Se in Europa la campagna vaccinale è rallentata principalmente dalla mancanza di vaccini (oltre che da cattiva organizzazione e allarmi sanitari), nel mondo c'è un Paese che di vaccini ne produce in abbondanza, ma è comunque indietro sulla tabella di marcia delle vaccinazioni: la Cina, che pur essendo in testa alla classifica per dosi prodotte di un proprio vaccino, ha meno vaccinati rispetto, ad esempio, agli Stati Uniti (secondo in classifica per dosi prodotte).
PERCENTUALI E POPOLAZIONE. È doveroso sottolineare che è un Paese con quasi 1,4 miliardi di persone: non è certo comparabile con l'Italia o qualunque altro Paese europeo, e nemmeno con gli Stati Uniti, che hanno appena 330 milioni di abitanti. Ma pur tenendo presente questa sostanziale differenza, la Cina appare comunque indietro rispetto al rivale occidentale: parlando di dosi somministrate, gli Stati Uniti al 14 marzo erano a quota 107 milioni; la Cina, al 20 marzo, era a quota 70 milioni.
Volendo guardare ai numeri in rapporto alla popolazione, il divario è ancora più marcato: scondo OurWorldInData, al 25 marzo in Cina erano state somministrate poco più di 6 dosi ogni 100 persone, contro le quasi 40 negli Stati Uniti (dosi che non corrispondono necessariamente al totale dei vaccinati, dato che alcuni vaccini richiedono la doppia inoculazione).
Perché la campagna vaccinale in Cina procede così lentamente?
Secondo l'Economist è da escludere che la campagna vaccinale vada a rilento a causa della resistenza dei cinesi al vaccino: al contrario, i dati mostrano che l'85% della popolazione è favorevole alla vaccinazione anticovid.
Un ruolo importante lo giocherebbe invece la cosiddetta diplomazia vaccinale: come spiega l'Economist, Xi Jinping (presidente della Repubblica Popolare Cinese) aveva annunciato lo scorso maggio che i vaccini cinesi sarebbero stati "un bene pubblico globale". Le aziende produttrici hanno firmato contratti con oltre 12 Stati esteri per esportare mezzo miliardo di dosi, e il governo si è impegnato a fornire aiuto vaccinale a 53 Paesi.

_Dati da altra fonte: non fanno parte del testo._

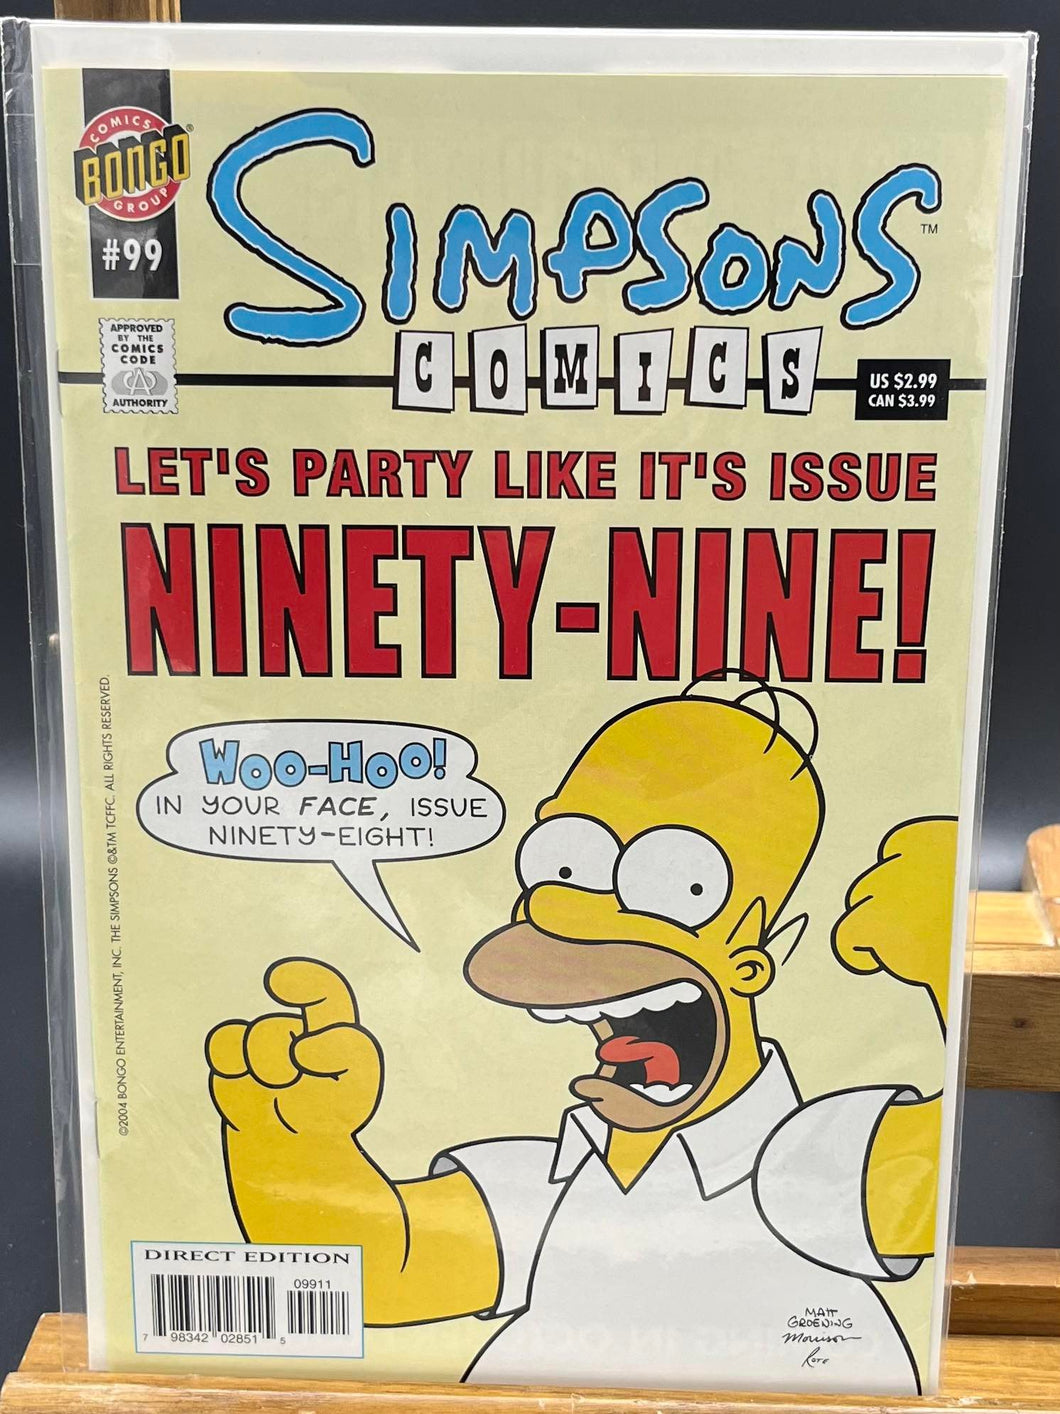 Bongo Simpsons Comics #99 - Near Mint/Unread
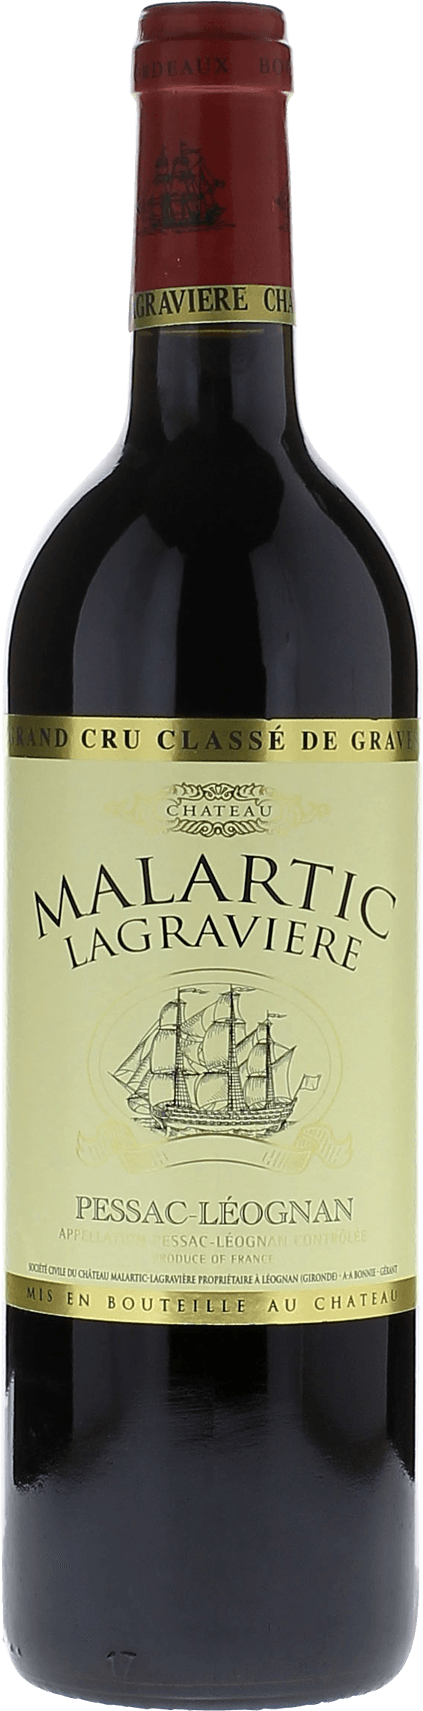 Malartic lagraviere rouge 2018 Grand Cru Class Graves, Bordeaux rouge

Diplomazia vaccinale. Questo apparente altruismo, spiega il giornale britannico, sarebbe in realtà frutto di un do ut des: il governo cinese avrebbe infatti condotto i trial di fase 3 dei propri vaccini in alcuni Paesi (tra cui Brasile, Indonesia, Pakistan e Perù), ai quali in cambio avrebbe promesso un invio prioritario delle dosi. Questo perché, avendo quasi eradicato il virus, la Cina non avrebbe potuto condurre le prove internamente, poiché le probabilità di venire contagiati - e verificare l'efficacia del vaccino - erano (e sono tuttora) minime.
Nessuna fretta. Il fatto che la CoViD-19 sia stata praticamente debellata ci porta all'ultimo punto della questione: la mancanza di urgenza.
A differenza del mondo occidentale, dove i governi lottano contro il tempo per fermare l'avanzata del SARS-CoV-2, in Cina il virus è da tempo sotto controllo: con poco più di 160 casi ancora attivi in tutto il Paese, la popolazione non ha fretta di vaccinarsi. In definitiva, nonostante il popolo cinese non sia contrario al vaccino, un cittadino su tre non sente l'urgenza di vaccinarsi poiché non percepisce più la minaccia.
Più un Paese è a rischio, questo è chiaro, più il vaccino è visto come una panacea. Bisogna però considerare che, per ritornare alla tanto agognata normalità, non si può guardare solo al proprio orticello: perché di questo passo il resto del mondo raggiungerà l'immunità prima della Cina, che rimarrà chiusa nella sua "gabbia dorata" e dovrà convincere i propri cittadini che va bene così. La Repubblica Popolare Cinese, dal canto suo, punta a vaccinare il 40% della popolazione entro la fine di luglio 2021: vedremo nei prossimi mesi se riusciranno a raggiungere questo ambizioso obiettivo.